*WORK INSTRUCTION*: Where does the string "diagram" occur in the records? Copy each line that holds it.

*DATASET RECORDS*:
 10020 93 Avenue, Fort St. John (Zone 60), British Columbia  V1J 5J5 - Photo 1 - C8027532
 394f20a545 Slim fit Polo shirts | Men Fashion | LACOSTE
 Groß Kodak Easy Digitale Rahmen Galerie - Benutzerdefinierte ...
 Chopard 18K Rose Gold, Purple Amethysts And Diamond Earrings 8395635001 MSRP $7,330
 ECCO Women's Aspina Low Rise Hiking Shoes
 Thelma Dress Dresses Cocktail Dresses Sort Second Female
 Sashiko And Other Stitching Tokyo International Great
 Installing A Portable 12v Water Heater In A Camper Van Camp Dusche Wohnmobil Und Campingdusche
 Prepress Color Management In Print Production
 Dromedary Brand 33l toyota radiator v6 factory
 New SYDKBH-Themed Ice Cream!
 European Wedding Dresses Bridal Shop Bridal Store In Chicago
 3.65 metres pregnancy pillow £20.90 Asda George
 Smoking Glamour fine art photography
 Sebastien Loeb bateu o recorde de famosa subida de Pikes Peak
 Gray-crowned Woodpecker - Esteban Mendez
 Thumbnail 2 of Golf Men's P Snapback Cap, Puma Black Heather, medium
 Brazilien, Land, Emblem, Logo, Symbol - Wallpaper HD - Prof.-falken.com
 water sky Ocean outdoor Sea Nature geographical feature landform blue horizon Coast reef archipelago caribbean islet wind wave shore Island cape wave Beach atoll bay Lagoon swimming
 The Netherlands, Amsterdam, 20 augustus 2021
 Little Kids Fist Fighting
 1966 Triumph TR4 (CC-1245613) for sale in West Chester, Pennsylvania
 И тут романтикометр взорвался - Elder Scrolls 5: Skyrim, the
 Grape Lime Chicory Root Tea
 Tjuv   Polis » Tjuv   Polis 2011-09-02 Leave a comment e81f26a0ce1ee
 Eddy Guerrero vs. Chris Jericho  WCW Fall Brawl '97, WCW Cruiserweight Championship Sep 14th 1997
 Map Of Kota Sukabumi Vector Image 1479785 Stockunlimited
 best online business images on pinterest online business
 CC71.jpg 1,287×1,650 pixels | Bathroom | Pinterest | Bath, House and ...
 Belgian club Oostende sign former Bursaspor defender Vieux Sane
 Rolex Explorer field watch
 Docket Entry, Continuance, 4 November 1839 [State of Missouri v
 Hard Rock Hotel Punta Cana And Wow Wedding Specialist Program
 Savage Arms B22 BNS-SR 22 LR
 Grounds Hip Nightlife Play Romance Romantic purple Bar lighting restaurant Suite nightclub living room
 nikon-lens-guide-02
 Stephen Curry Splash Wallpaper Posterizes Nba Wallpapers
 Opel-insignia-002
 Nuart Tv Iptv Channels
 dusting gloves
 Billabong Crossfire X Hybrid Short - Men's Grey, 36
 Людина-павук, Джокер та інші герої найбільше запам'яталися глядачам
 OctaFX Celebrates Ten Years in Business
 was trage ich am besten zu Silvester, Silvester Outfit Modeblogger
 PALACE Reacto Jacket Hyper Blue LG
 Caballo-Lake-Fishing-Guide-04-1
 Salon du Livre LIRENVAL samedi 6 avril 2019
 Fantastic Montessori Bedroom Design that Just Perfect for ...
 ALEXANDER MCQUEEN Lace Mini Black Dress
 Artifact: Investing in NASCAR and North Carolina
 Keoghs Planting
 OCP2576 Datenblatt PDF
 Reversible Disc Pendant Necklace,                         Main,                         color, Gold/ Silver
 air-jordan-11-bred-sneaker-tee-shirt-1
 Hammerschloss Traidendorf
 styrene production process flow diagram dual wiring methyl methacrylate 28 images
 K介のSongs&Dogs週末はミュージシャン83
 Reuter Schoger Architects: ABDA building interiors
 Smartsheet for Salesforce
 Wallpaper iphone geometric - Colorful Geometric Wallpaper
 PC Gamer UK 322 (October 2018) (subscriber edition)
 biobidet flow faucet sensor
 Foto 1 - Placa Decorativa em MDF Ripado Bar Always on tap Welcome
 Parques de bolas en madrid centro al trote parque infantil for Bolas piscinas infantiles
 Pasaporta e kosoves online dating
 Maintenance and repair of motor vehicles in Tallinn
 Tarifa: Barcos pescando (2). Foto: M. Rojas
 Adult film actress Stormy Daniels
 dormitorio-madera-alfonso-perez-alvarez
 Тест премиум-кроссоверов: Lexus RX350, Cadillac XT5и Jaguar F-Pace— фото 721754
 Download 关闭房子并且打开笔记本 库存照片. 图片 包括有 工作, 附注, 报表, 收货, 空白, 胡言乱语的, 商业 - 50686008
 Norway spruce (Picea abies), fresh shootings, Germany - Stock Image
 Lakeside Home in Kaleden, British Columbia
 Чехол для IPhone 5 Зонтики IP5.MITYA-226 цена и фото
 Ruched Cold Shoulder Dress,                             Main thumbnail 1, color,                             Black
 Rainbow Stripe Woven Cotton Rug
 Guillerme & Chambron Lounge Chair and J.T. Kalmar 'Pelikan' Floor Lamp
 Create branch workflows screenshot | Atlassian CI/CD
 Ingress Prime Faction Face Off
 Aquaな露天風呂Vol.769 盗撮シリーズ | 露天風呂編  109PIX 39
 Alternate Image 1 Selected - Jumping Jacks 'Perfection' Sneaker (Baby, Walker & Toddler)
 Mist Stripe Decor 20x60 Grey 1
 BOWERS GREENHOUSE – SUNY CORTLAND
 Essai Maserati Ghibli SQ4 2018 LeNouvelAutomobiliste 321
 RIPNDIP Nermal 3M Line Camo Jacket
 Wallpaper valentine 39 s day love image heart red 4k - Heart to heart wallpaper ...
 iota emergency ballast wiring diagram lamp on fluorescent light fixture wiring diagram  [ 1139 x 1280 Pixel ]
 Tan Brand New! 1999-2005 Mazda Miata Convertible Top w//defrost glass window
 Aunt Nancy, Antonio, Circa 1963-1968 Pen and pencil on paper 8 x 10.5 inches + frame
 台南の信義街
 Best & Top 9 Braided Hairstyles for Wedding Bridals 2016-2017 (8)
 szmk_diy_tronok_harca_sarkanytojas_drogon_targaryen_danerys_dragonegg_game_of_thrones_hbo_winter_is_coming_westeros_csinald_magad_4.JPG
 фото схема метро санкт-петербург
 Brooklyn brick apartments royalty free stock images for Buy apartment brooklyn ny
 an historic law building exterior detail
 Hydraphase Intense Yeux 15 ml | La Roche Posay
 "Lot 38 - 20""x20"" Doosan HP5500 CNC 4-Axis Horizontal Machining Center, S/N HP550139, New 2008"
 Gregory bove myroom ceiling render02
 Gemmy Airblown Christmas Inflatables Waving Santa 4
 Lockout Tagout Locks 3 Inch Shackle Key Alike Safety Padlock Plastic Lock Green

*EXERCISE RESPONSE*:
 styrene production process flow diagram dual wiring methyl methacrylate 28 images
 iota emergency ballast wiring diagram lamp on fluorescent light fixture wiring diagram  [ 1139 x 1280 Pixel ]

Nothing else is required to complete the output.